I also read somewhere that kids hate having to stop playing to go to the bathroom so we put toys near his potty so as to make it a special experience. Maybe a special toy that's only for potty time, we had a special book.

Good luck, sometimes you get lucky (like your babysitter) and sometimes you don't. Try not to take it personally.


----------



## elliha (Jul 20, 2014)

I am just up into getting my daughter to use the potty. She just turned 3 but she was potty-trained for poop when she was around 10 months and went every time she pooped but one day she just stopped doing it and from then until just a couple of months ago going to the toilet was a complete no no. She has from about late winter/early spring used the toilet occasionally and in periods been without diapers but refused to use the potty most of the time and asked to have a diaper instead. At times she has changed her diaper herself too and just pulled up her pants and went on with her life and we have not know she has done so until she peed on the floor. When she started showing interest I told her that she would soon be too old to use a diaper so this summer we will start practicing before it is too late and no diapers fit. I pointed to the fact that she has had a lot of diapers leak due to simply peeing too much at the same time and said that this is a sign that she is getting so old that diapers will not work soon. A couple of weeks ago she started saying no to using a diaper at day care and I said fine, let's go there without one (telling the staff and saying that they should do as they pleased if they would put it on later) and she managed several days without a diaper there and when I started our vacation I have had her out of a diaper at most times except at night and when we go on long car trips. She is doing great. There have been accidents but not a lot of them. I do not require her to help me with anything but that she goes and sit on the toilet until I am done cleaning up. 

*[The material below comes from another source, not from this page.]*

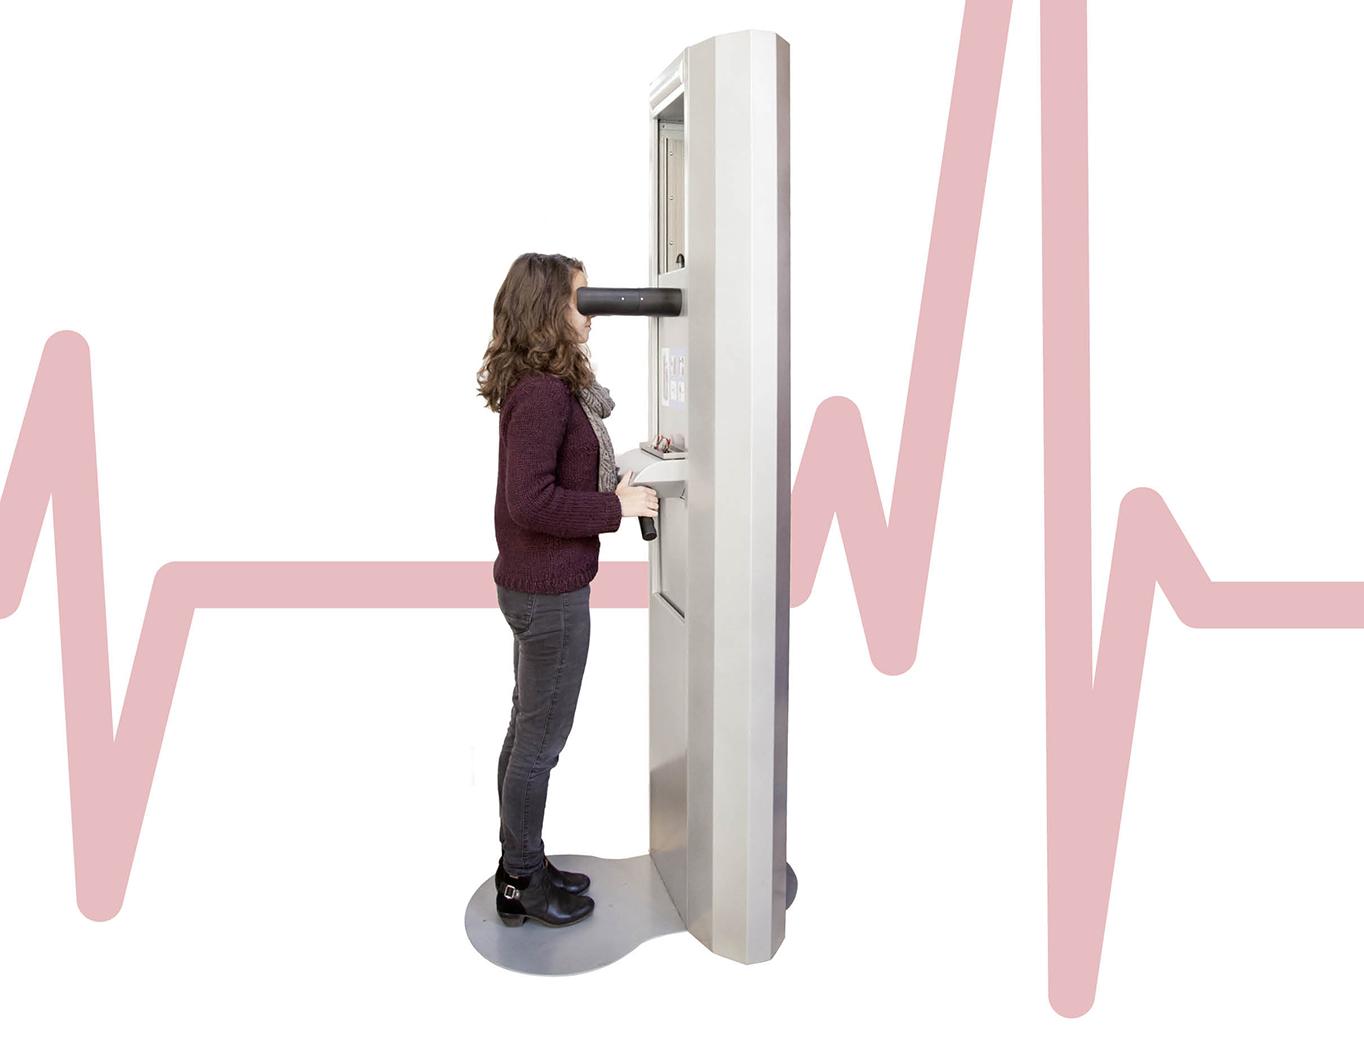 anxiété CHU toulouse machine test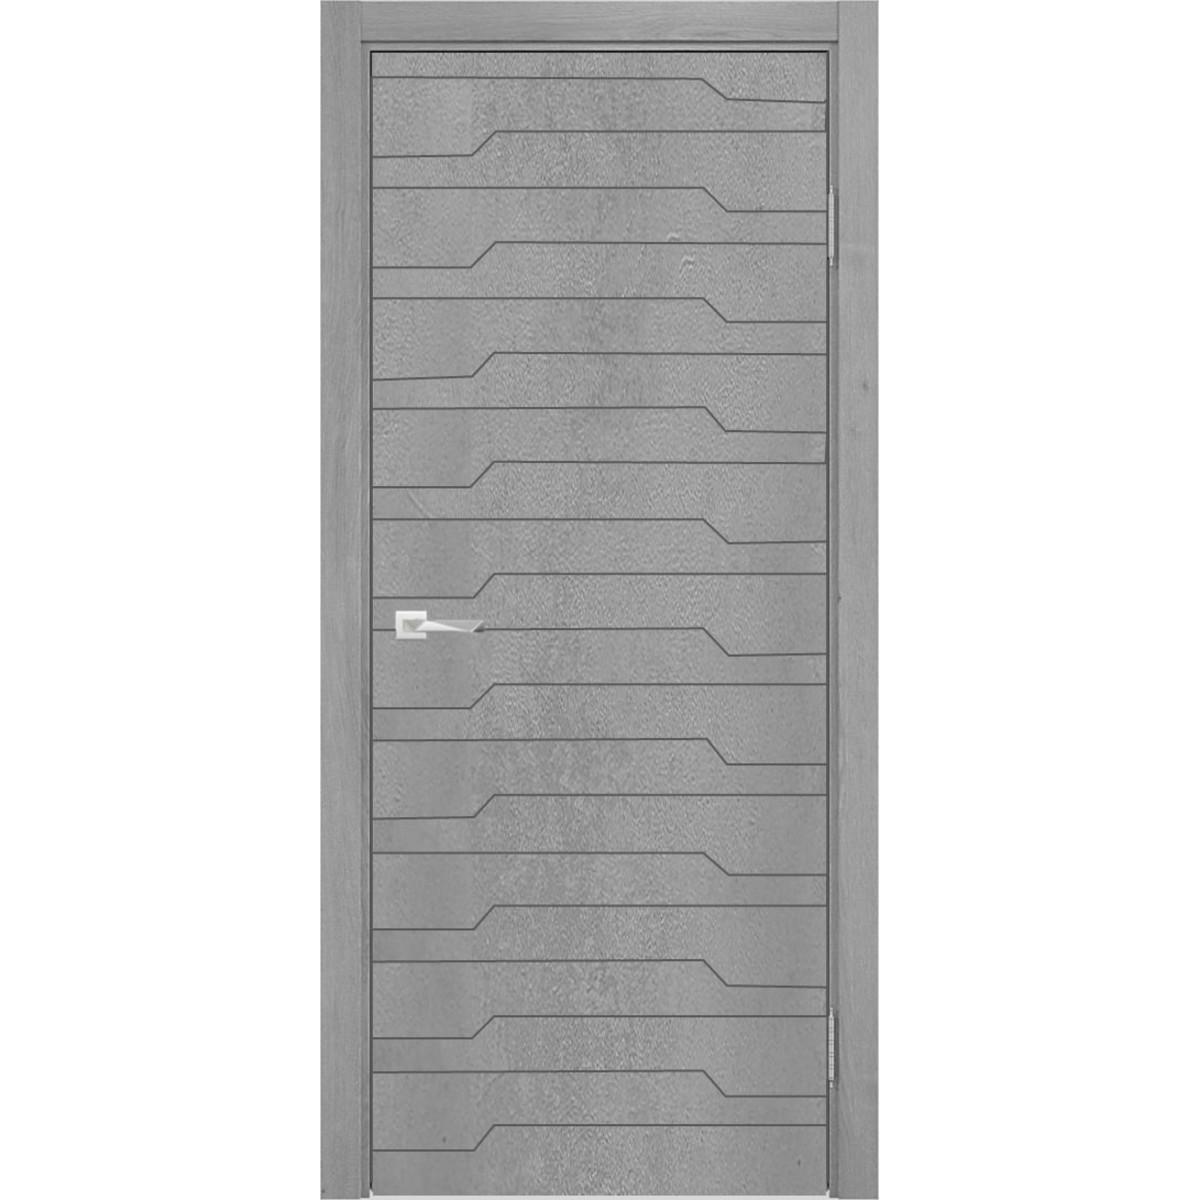 Дверное полотно Loyard Севилья МП_0385 2000х700х44 мм МДФ

We have used no rewards or punishment but I have told her that she did well when she went pooping as this was much more of a struggle for her. I think she initially did not want to poop and held it in a bit but with some raisins and story time on the toilet a couple of times she has managed to be able to poop rather well this week *knock on wood*.

We are going to visit relatives now for a week. It will be "fun" but hopefully she will do OK there too. She has managed two trips to town without a diaper so we hope for the best. She will be in a diaper when we go there though as there is no guarantee we can stay exactly when she needs to go. I will still take her to the bathroom every time we stop to give her an opportunity to "do without diapers with a diaper on". We have not pushed nights but she is usually dry at night and have been since she was a baby but we keep them on for safety. When she has managed being without diapers for a couple months we plan to get rid of that diaper too. It is going very smoothly now but since she has gone back once it is a little nervous.


----------